A new study throws doubt on claims that molnupiravir can reduce COVID-19 hospital admissions. 

Previous studies had suggested that the drug is effective at reducing hospital admissions in patients with mild to moderate COVID-19, leading the World Health Organization (WHO) to recommend its use for patients with the highest risk of hospital admission. 

However, most of those studies were conducted in largely unvaccinated populations and prior to the emergence of the omicron variant. 

But a new UK trial has been carried out in a majority vaccinated population where most COVID-19 infections were the omicron variant, making it more applicable to the present situation in most nations. 

It found that molnupiravir (taken as an 800mg dose twice daily for five days) does not reduce hospital admissions or deaths in vaccinated adults with COVID-19 infection who are at higher risk of mortality. However, the patients treated at home with molnupiravir recovered quicker compared to the control group.

“Although this trial found no benefit from molnupiravir treatment on its primary outcome - which hypothesised that treatment with molnupiravir for vaccinated, at-risk patients would reduce the likelihood of hospitalisation or death - the trial suggests that this treatment could have other benefits when being used to treat COVID-19, such as a faster recovery time and reduced follow up with health services. This could help to ease the burden on UK health services through the treatment of selected patients at home, during times of high disease burden and pressure on key services.  We therefore hope this new evidence will be of use to policymakers when preparing strategies for managing COVID-19 infections over the winter,” says lead author, Professor Chris Butler from the University of Oxford.

The study included 25,708 participants over the age of 18 (average age 57 years) with a higher risk of death or hospitalisation from COVID-19 infection from health centres across the UK. 

Patients were considered at higher risk of hospitalisation or death if they were aged 50 years or older - or aged 18 years or older with relevant underlying health conditions.
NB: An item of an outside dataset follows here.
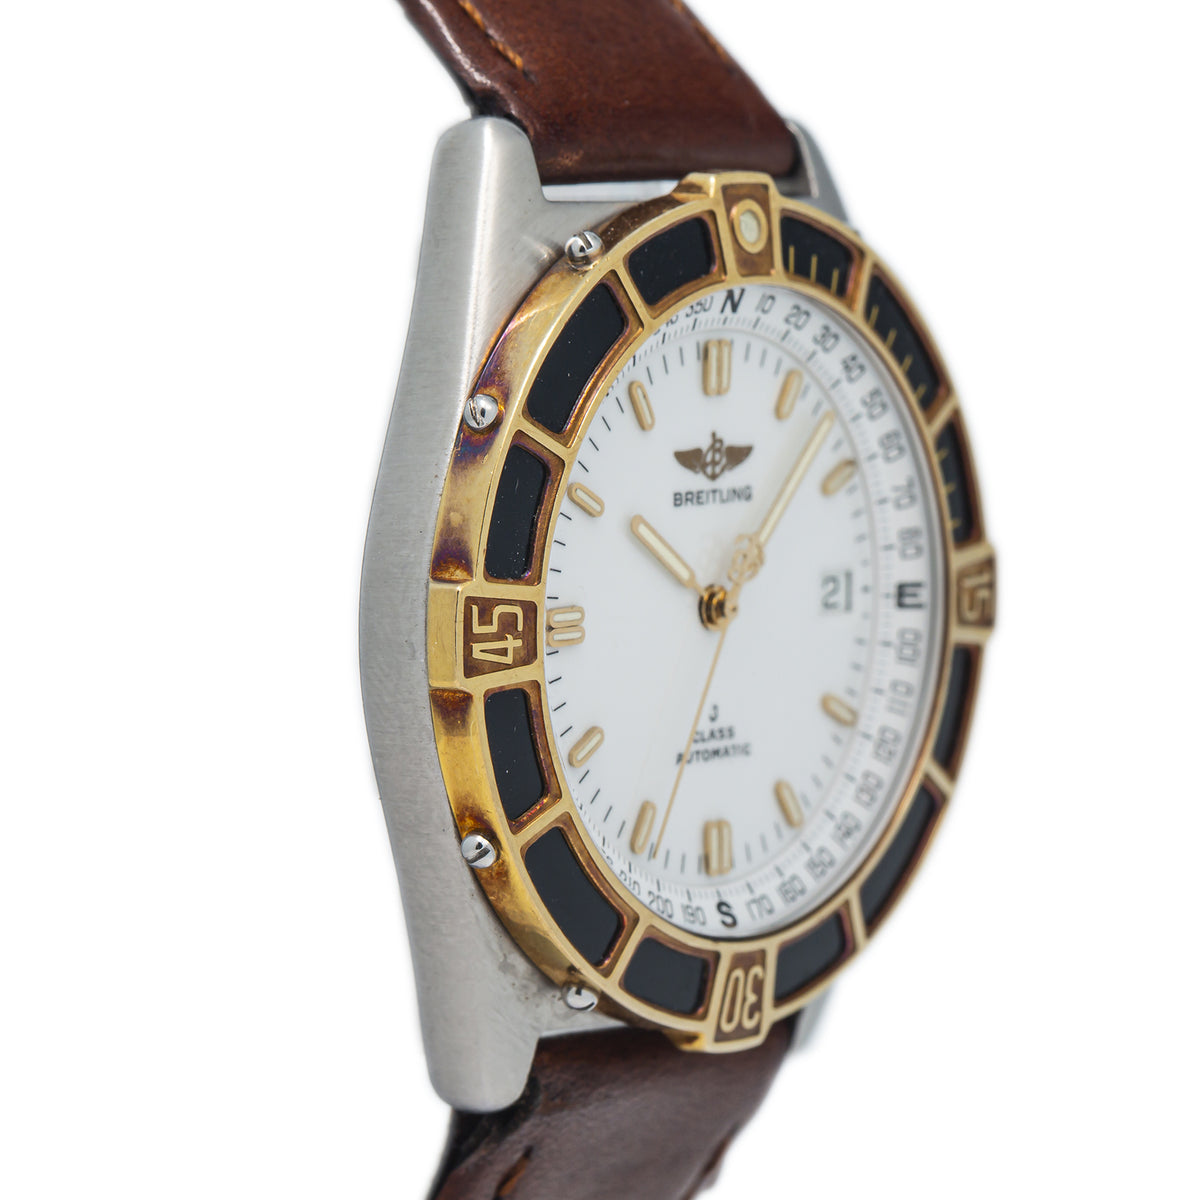 Breitling J Class 80250 StainlessSteel Gold White Dial Date Automatic Watch 40mm

Patients had a confirmed omicron COVID-19 infection and were unwell for five days or less before beginning treatment.

Writing in a linked Comment, Professor Michael Kidd from Australian Government Department of Health and Aged Care, who was not involved in the study, said; “Butler and colleagues acknowledge that their findings might be ‘less applicable’ in people with COVID-19 who are extremely clinically vulnerable. 

“We would go a step further and urge caution in seeking to apply the findings of this study to those at highest risk from COVID-19 complications… there are important policy implications in the study’s secondary endpoints. 

“The trial showed that the addition of molnupiravir to usual care resulted in faster time to recovery and reduced viral detection and load (in a small virology substudy). 

“The shortened and sustained symptom reduction, together with the effects on viral clearance, could be an important consideration in high-risk settings, such as care homes, in terms of potentially minimising the spread of infection among high-risk people. 

“Molnupiravir might also provide benefits to health-care systems, especially during community surges, by potentially allowing health workers to return safely to work sooner.”

Australia’s National COVID-19 Clinical Evidence Taskforce has updated its listing for molnupiravir (sold as Lagevrio), after considering data from the large-scale trial in the UK.